**Extracted entries**
- - - - - - -

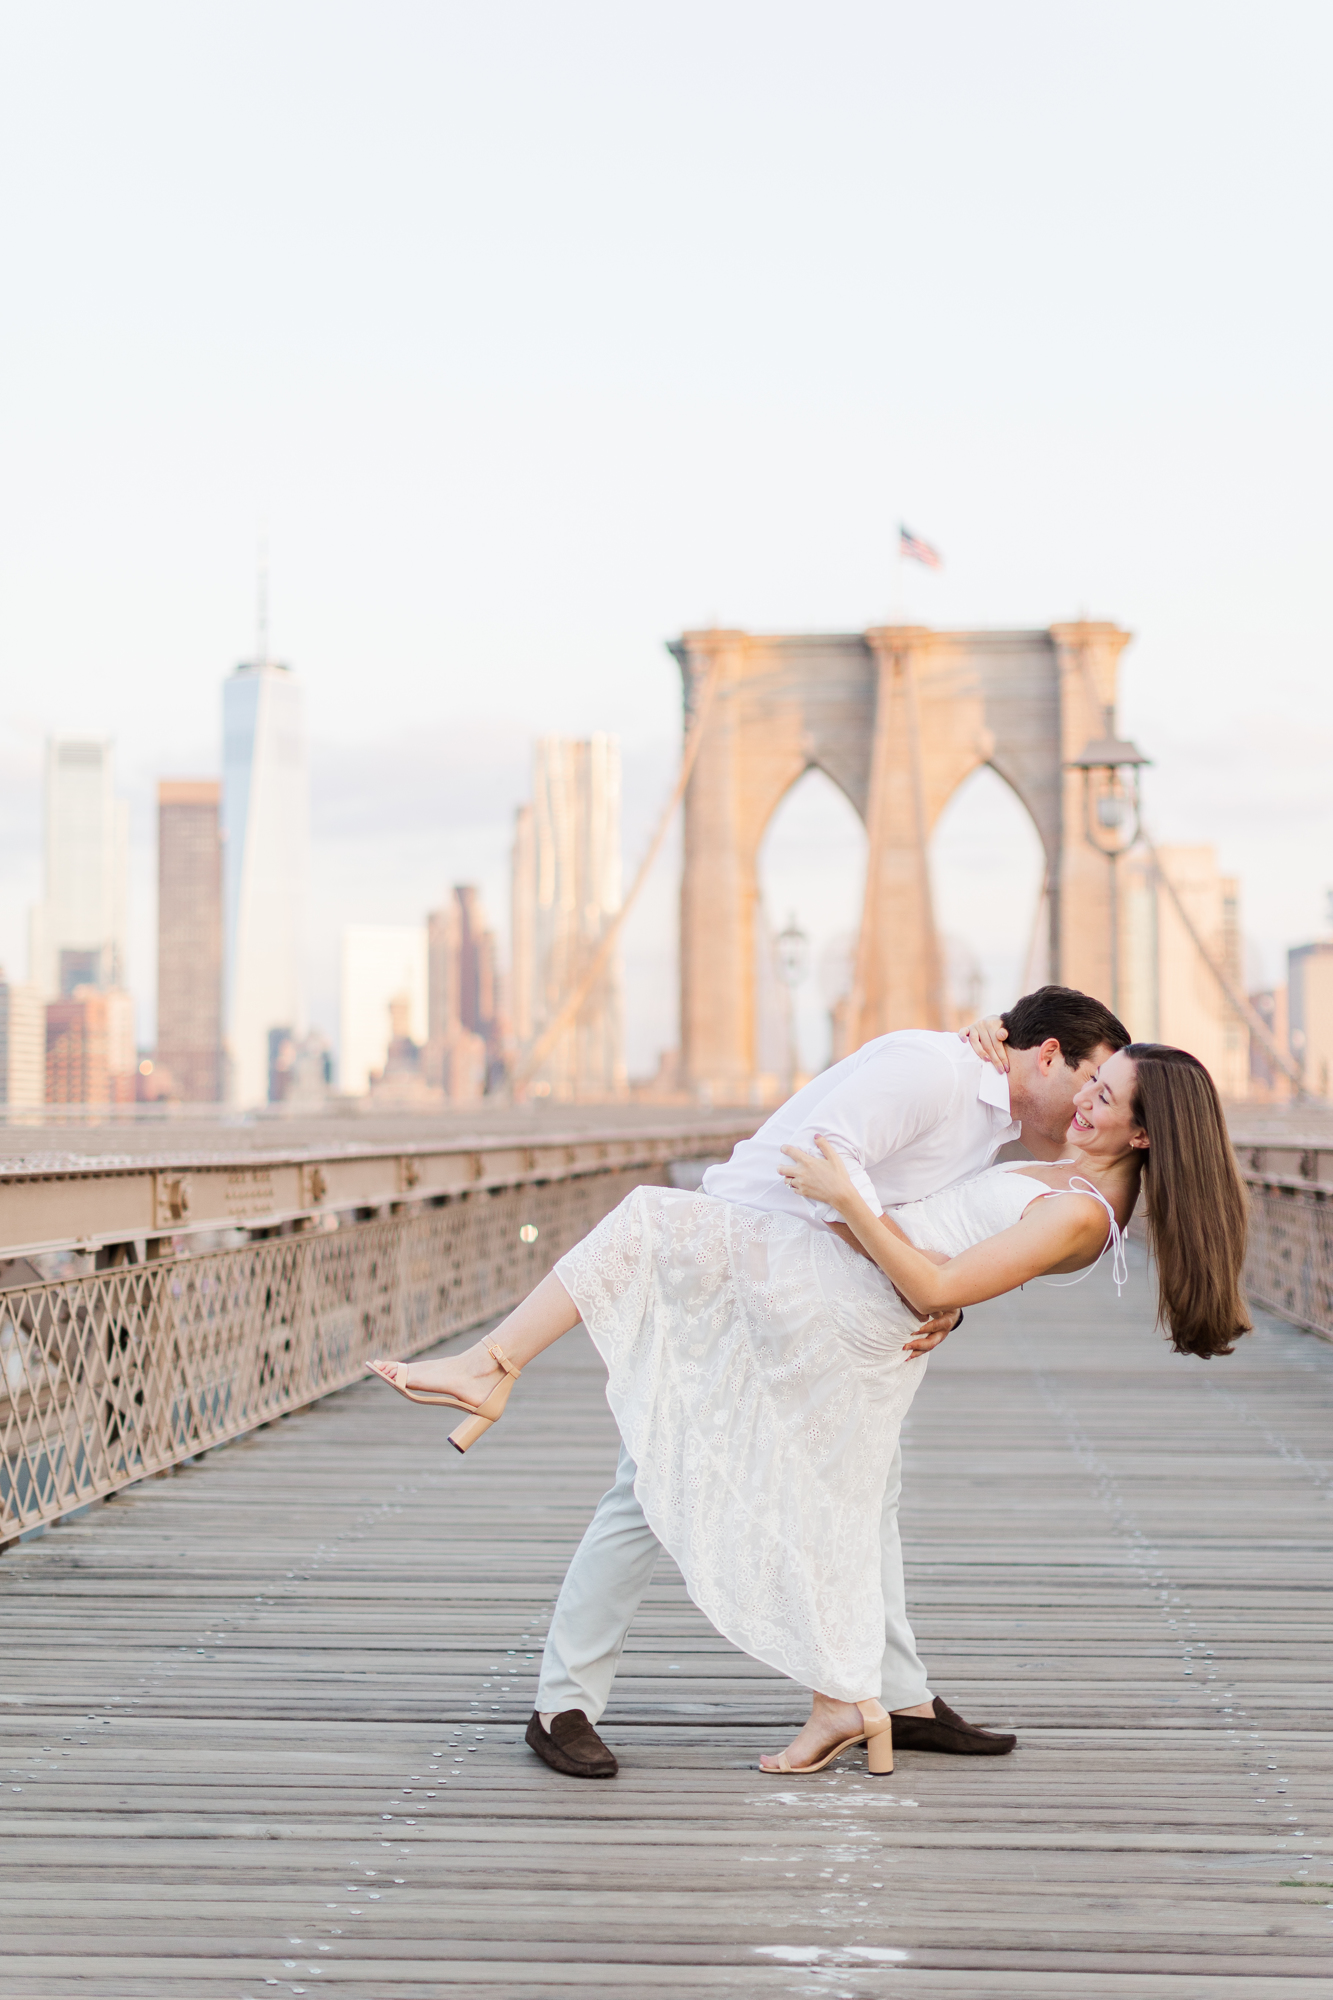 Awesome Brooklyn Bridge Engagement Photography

- - - - - - -

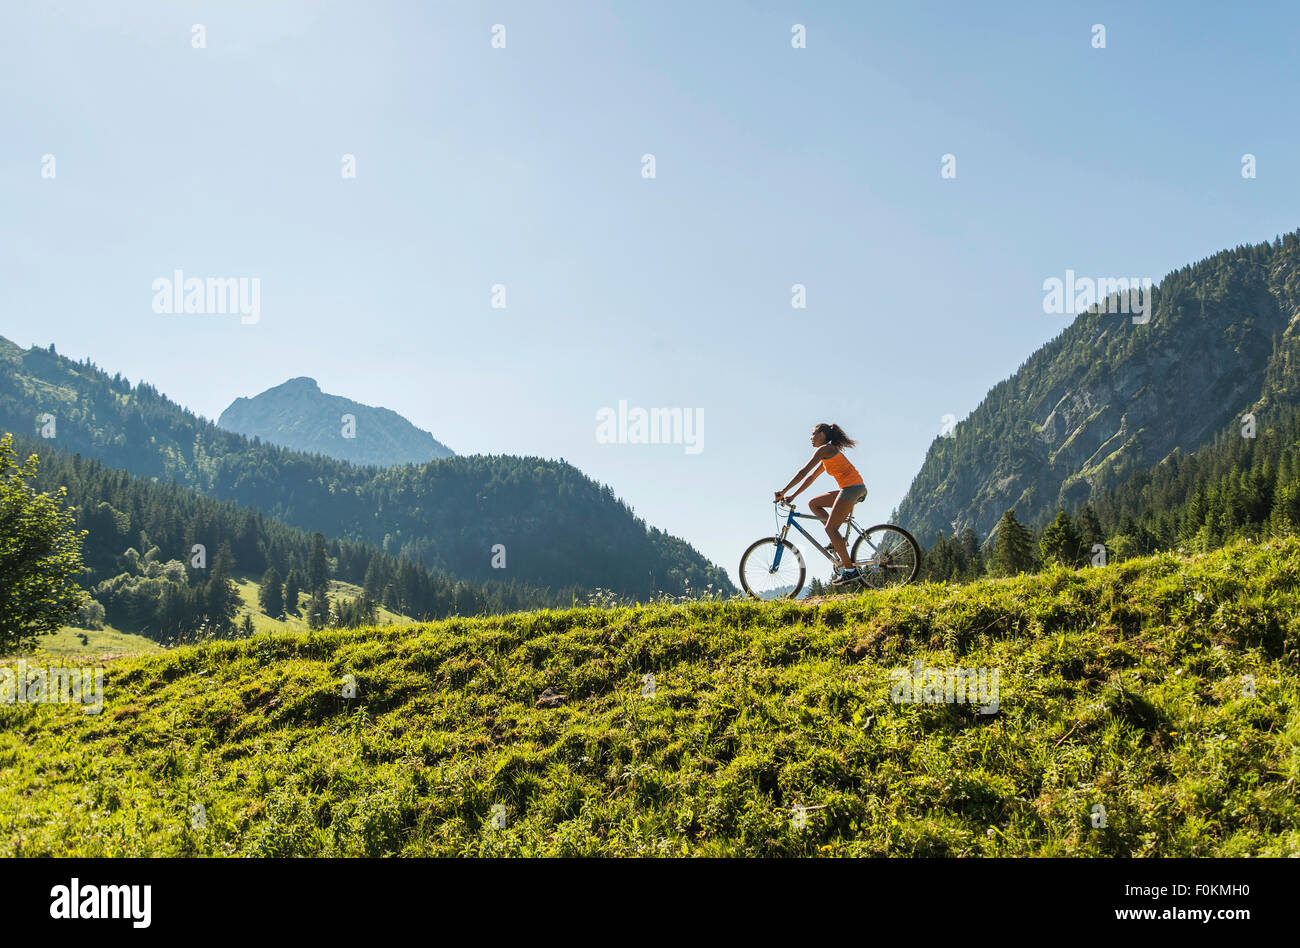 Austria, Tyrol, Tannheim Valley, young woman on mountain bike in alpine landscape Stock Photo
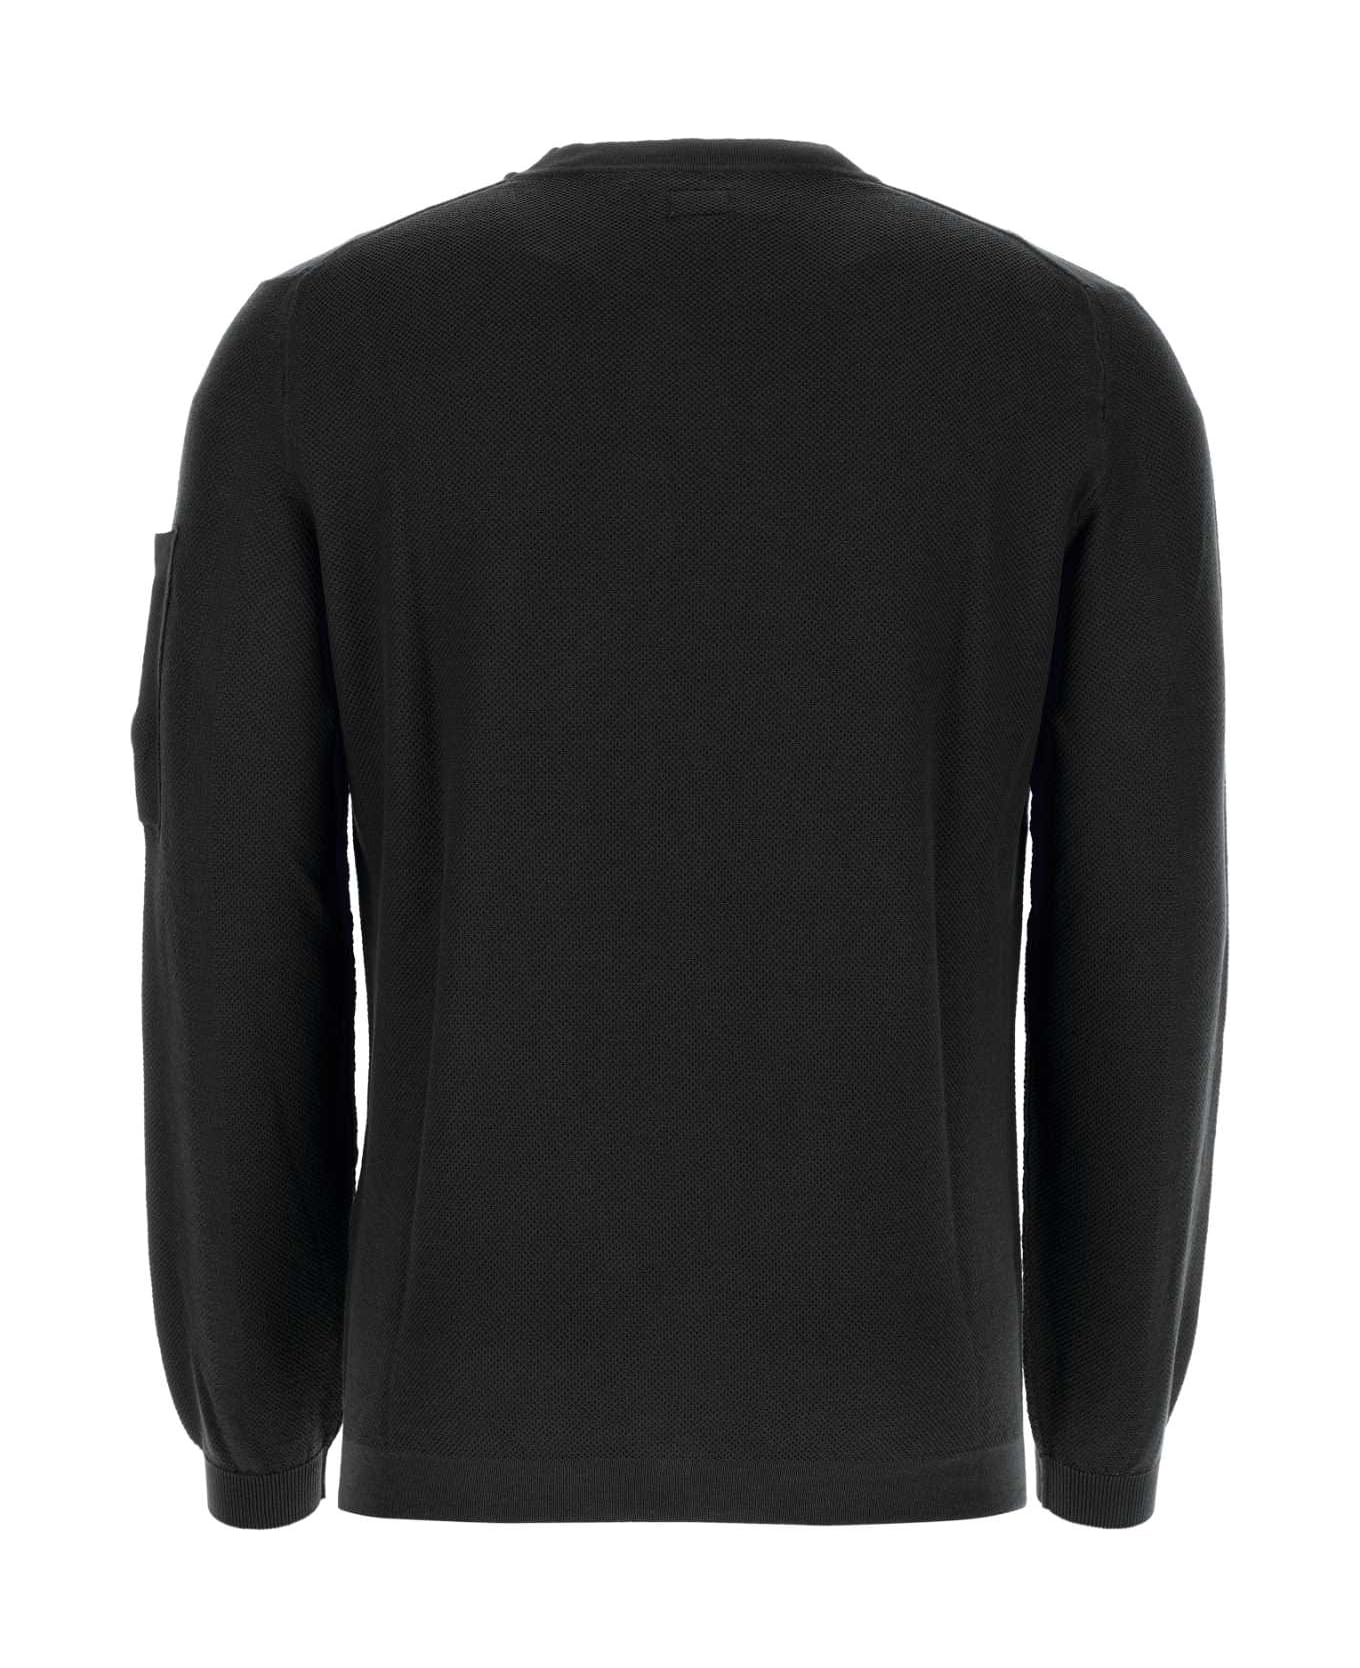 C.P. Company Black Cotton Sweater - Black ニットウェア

- - - - - - -

**Action item**
In the listing above, find the line containing "Austria, Tyrol, Tannheim". Output it and every line after it up to and including the line containing "C.P. Company Black", exactly, but skip the pictures.

**Answer**
 Austria, Tyrol, Tannheim Valley, young woman on mountain bike in alpine landscape Stock Photo
 C.P. Company Black Cotton Sweater - Black ニットウェア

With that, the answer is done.